At least four major telescopes at the summit of Hawaii's Mauna Kea, plus observatories in California, Arizona and New Mexico, will focus their instruments at the moon's south pole.

"We have a whole cadre of professional astronomers and groups that are observing," said Jennifer Heldmann, the coordinator of the LCROSS observation campaign.

The Hubble Space Telescope's STIS instrument will also observe vapors kicked up by LCROSS to aid the search for water. Several more satellites in Earth orbit will also attempt to image the moon at the time of impact.

NASA's Lunar Reconnaissance Orbiter, launched on the same rocket as LCROSS, will fly over Cabeus shortly after the impacts to monitor changes from its perch 31 miles above the moon.

The target for the impact is Cabeus, a depression adjacent to the lunar south pole stretching 60 miles across and some two-and-a-half miles deep.
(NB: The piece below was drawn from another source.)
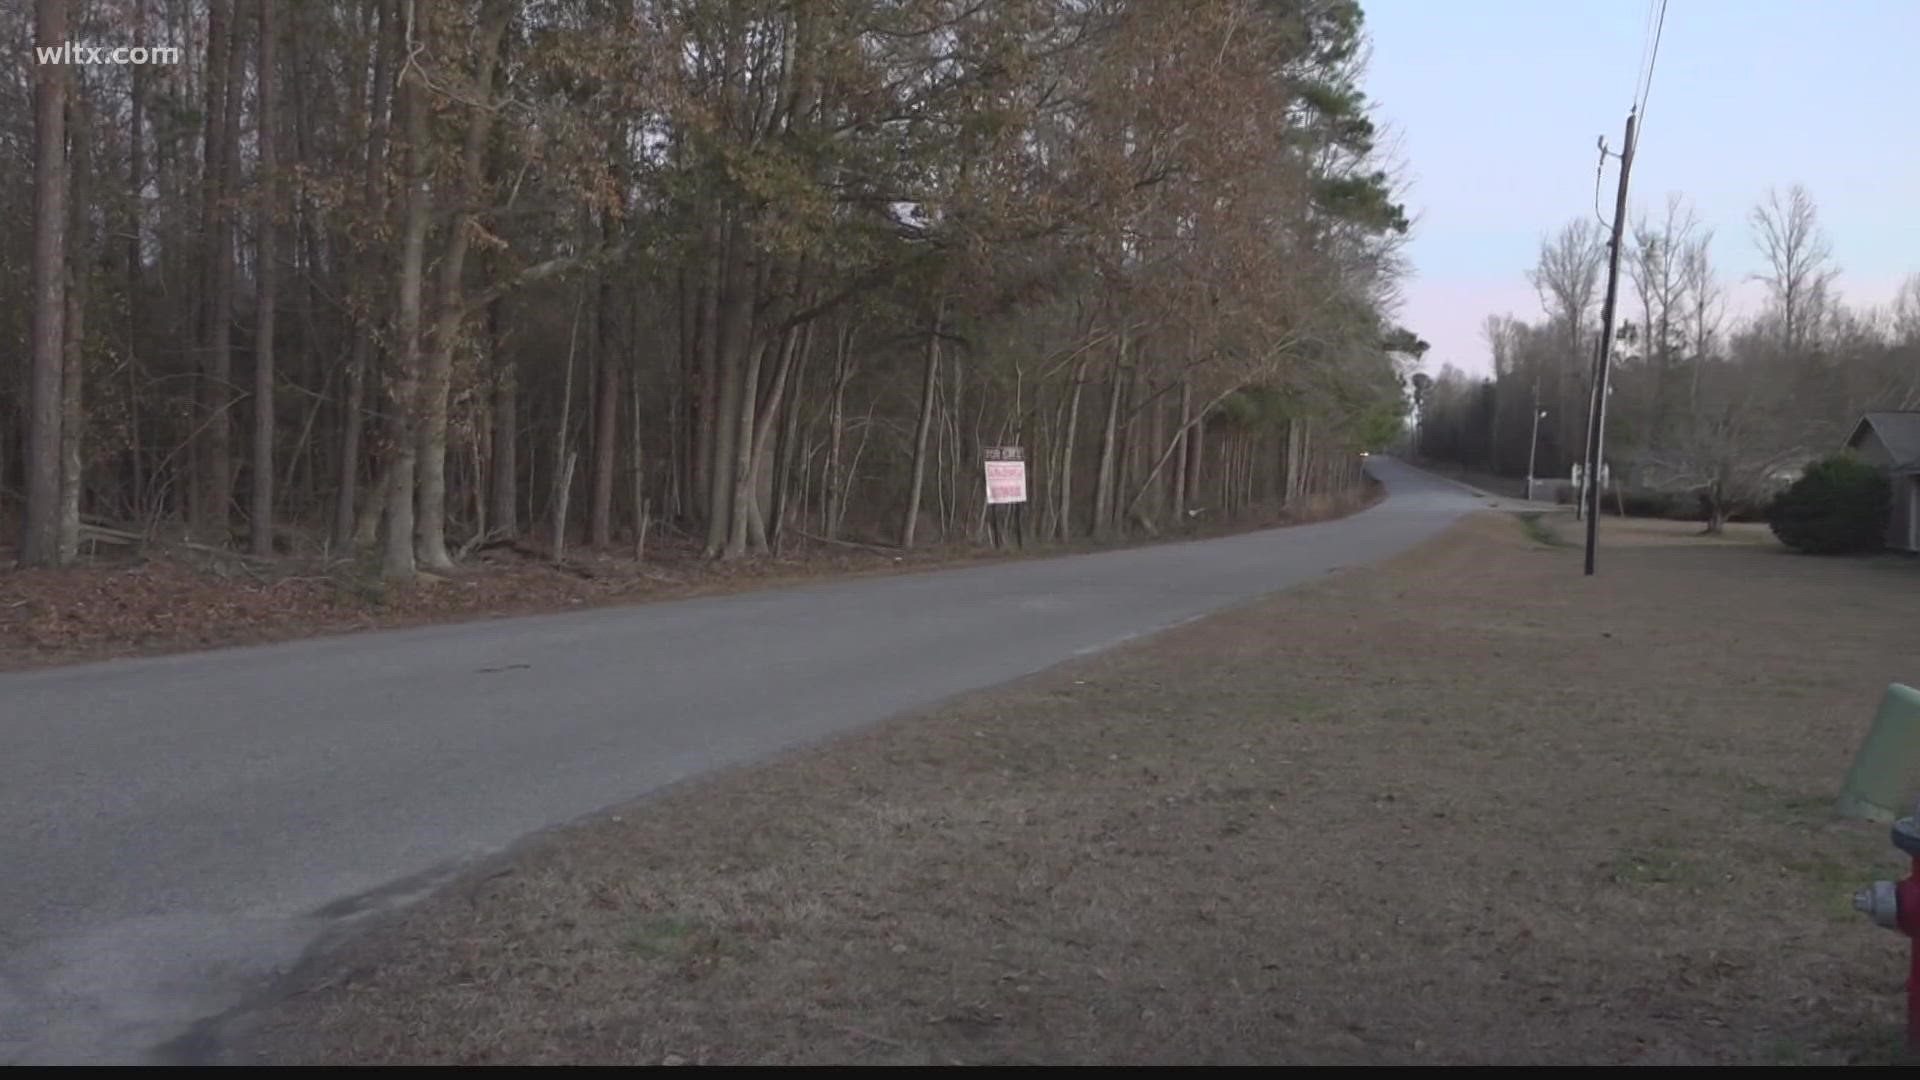 Developers want to bring over 200 homes to an area near Greenlawn Drive off Garners Ferry Road in Columbia.

The objective is to upheave enough material for instruments to detect the water ice scientists believe resides inside the crater.

Researchers proposed the LCROSS mission after previous spacecraft observed elevated levels of hydrogen inside permanently shadowed craters at the moon's poles. Scientists think water is the leading candidate to explain the hydrogen concentrations.

"We're going someplace where we are motivated to go by neutron observations of this hydrogen concentration," said Colaprete said.

A fleet of other missions, including India's Chandrayaan lunar orbiter and a pair of NASA planetary probes, discovered signs of hydrogen compounds extending further away from the poles.

NASA announced that news last month as the most convincing evidence yet that water and another hydrogen compound, called hydroxyl, exist in dormant states in equatorial regions on the moon.

"Then you have something in these craters...that is 10, 20 or 30 times more concentrated and maybe 1,000 times more extensive in terms of distribution and depth than what they saw," Colaprete said.

Whatever is inside the crater, Colaprete said they do not expect to have any definitive science results immediately.

"It should be clear that we don't anticipate saying anything about the presence of absence of water immediately," Colaprete said.

It could be a few weeks before scientists are prepared to announce what was detected during the impact.